▸ Excerpted data:
--
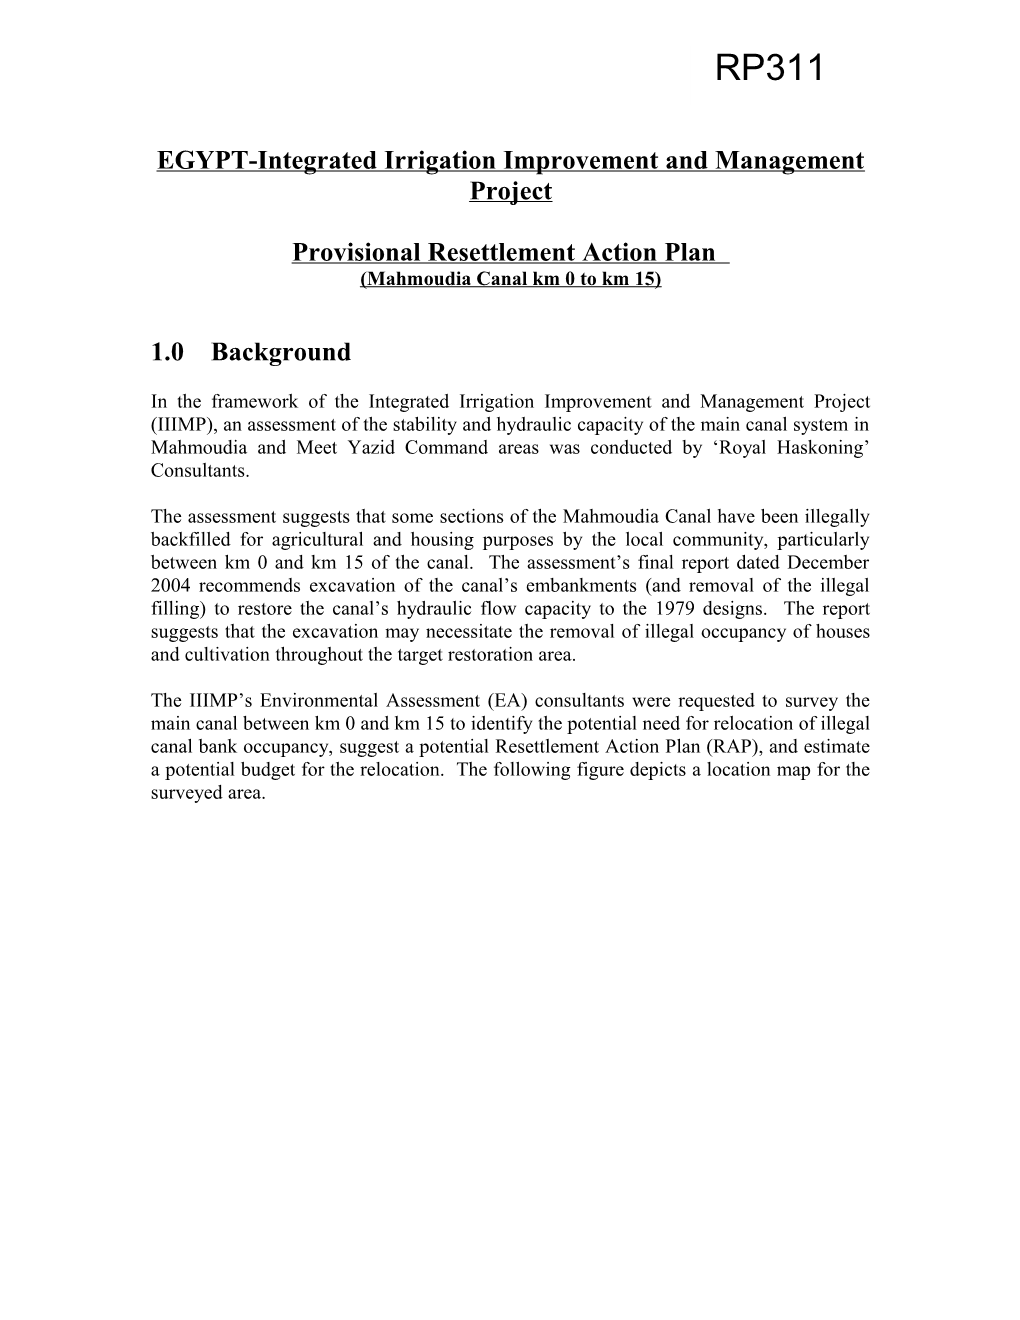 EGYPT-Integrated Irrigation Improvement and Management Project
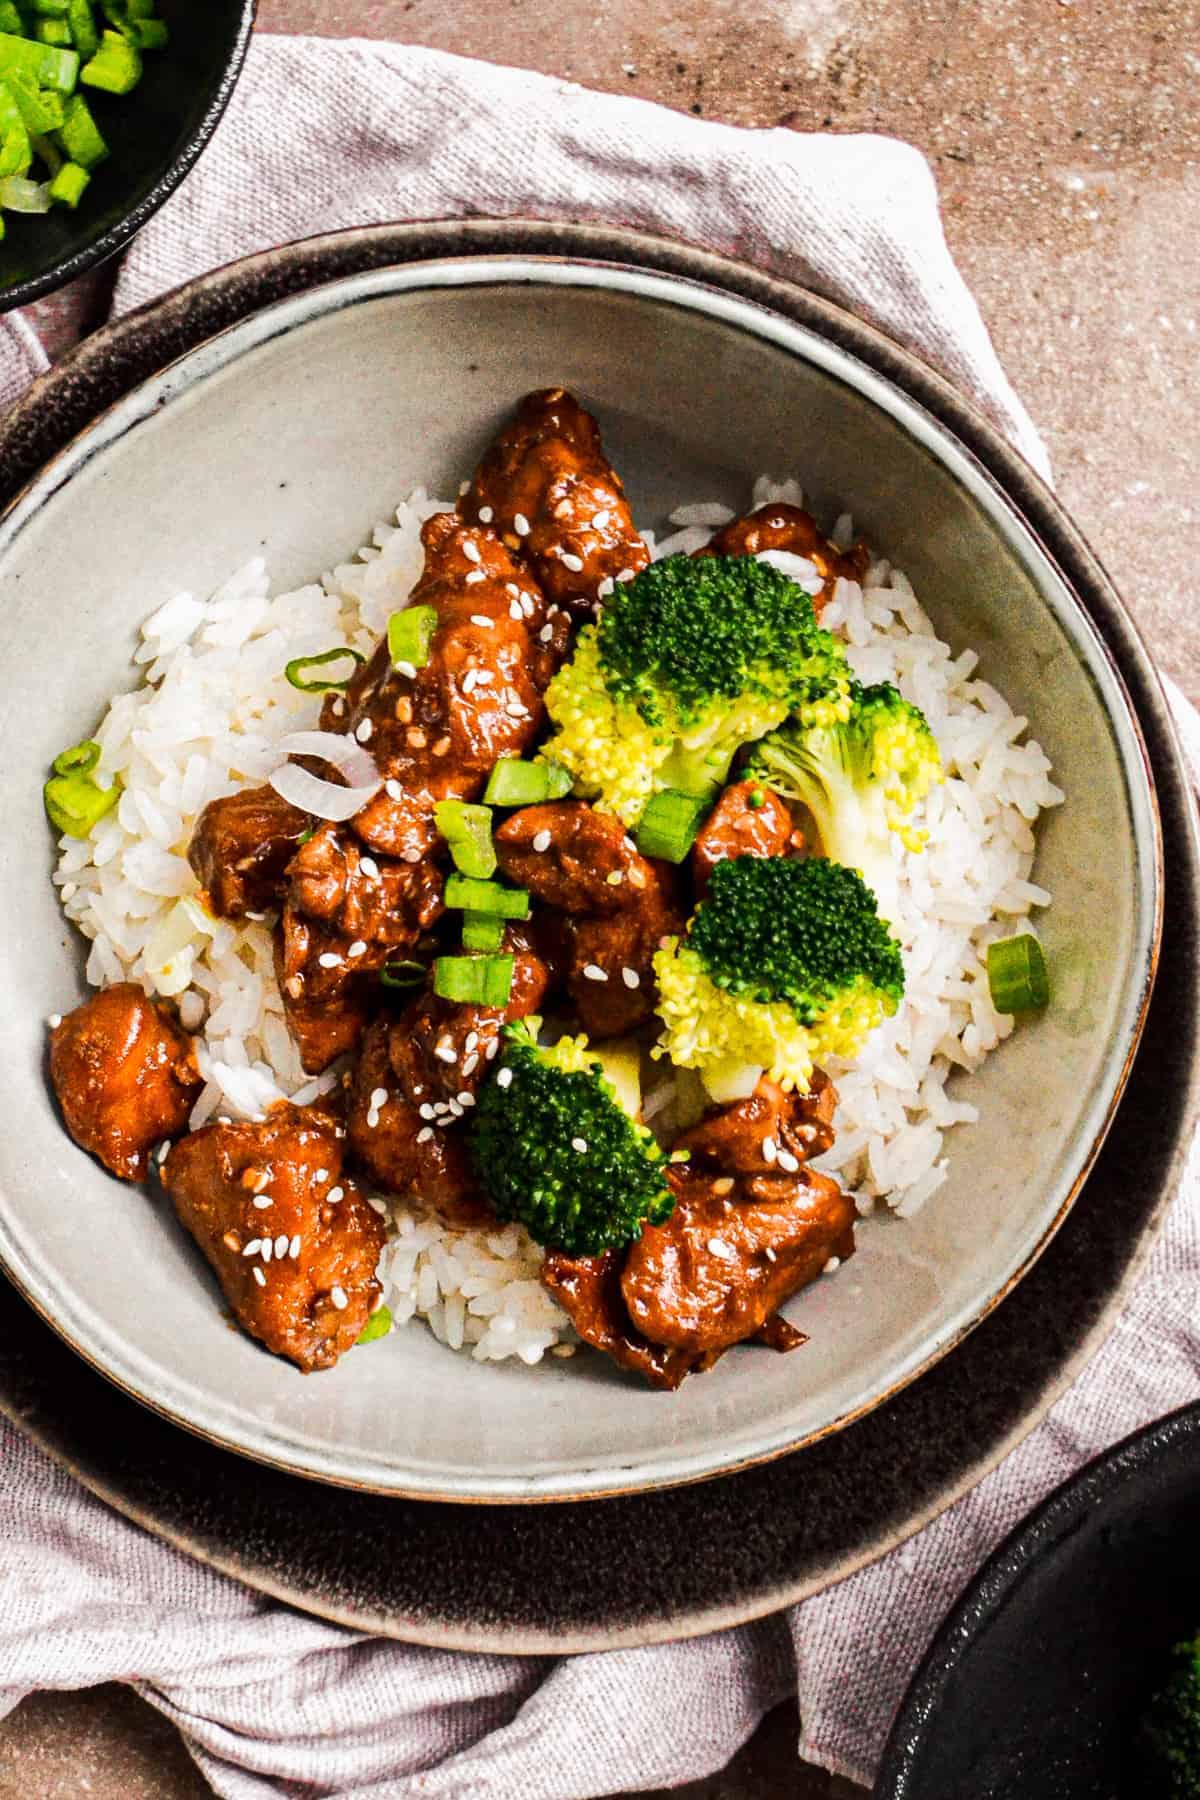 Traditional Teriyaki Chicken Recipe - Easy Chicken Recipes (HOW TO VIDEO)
--
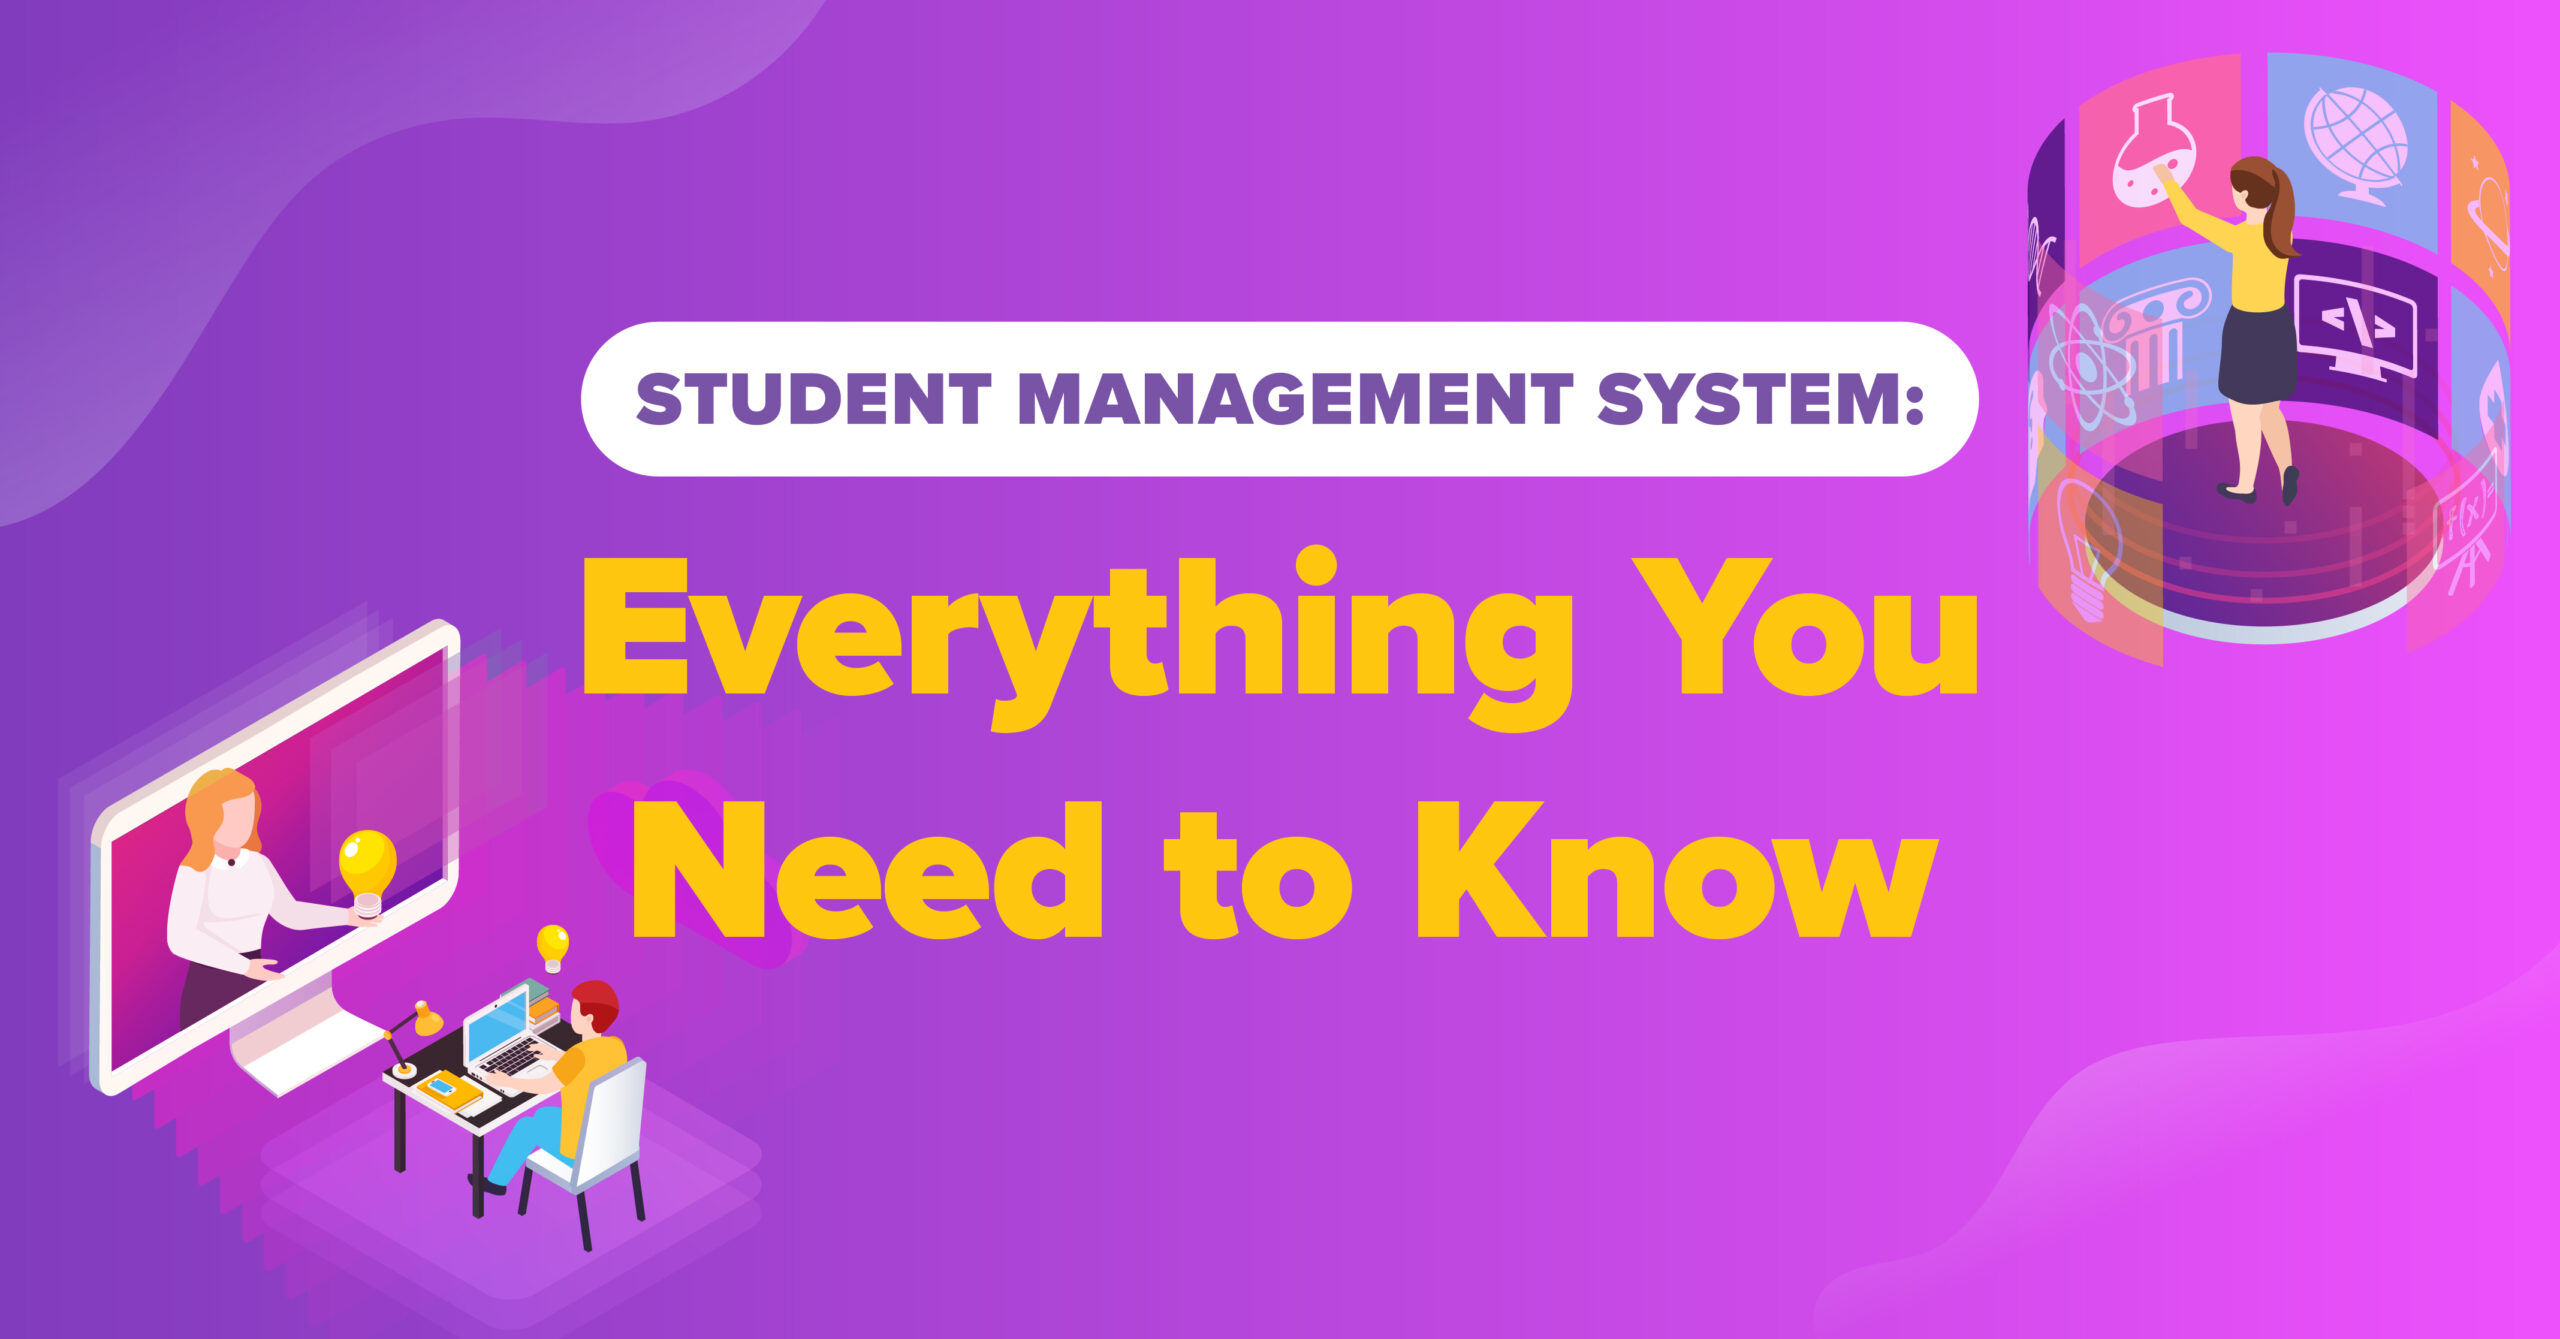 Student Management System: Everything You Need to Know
--
▸ Instructions for the task: Leave out every picture, and copy exactly the lines above starting at the one holding "EGYPT-Integrated Irrigation Improvement" and ending at the one holding "Traditional Teriyaki Chicken", no more and no less.

▸ Answer space:
 EGYPT-Integrated Irrigation Improvement and Management Project
 Traditional Teriyaki Chicken Recipe - Easy Chicken Recipes (HOW TO VIDEO)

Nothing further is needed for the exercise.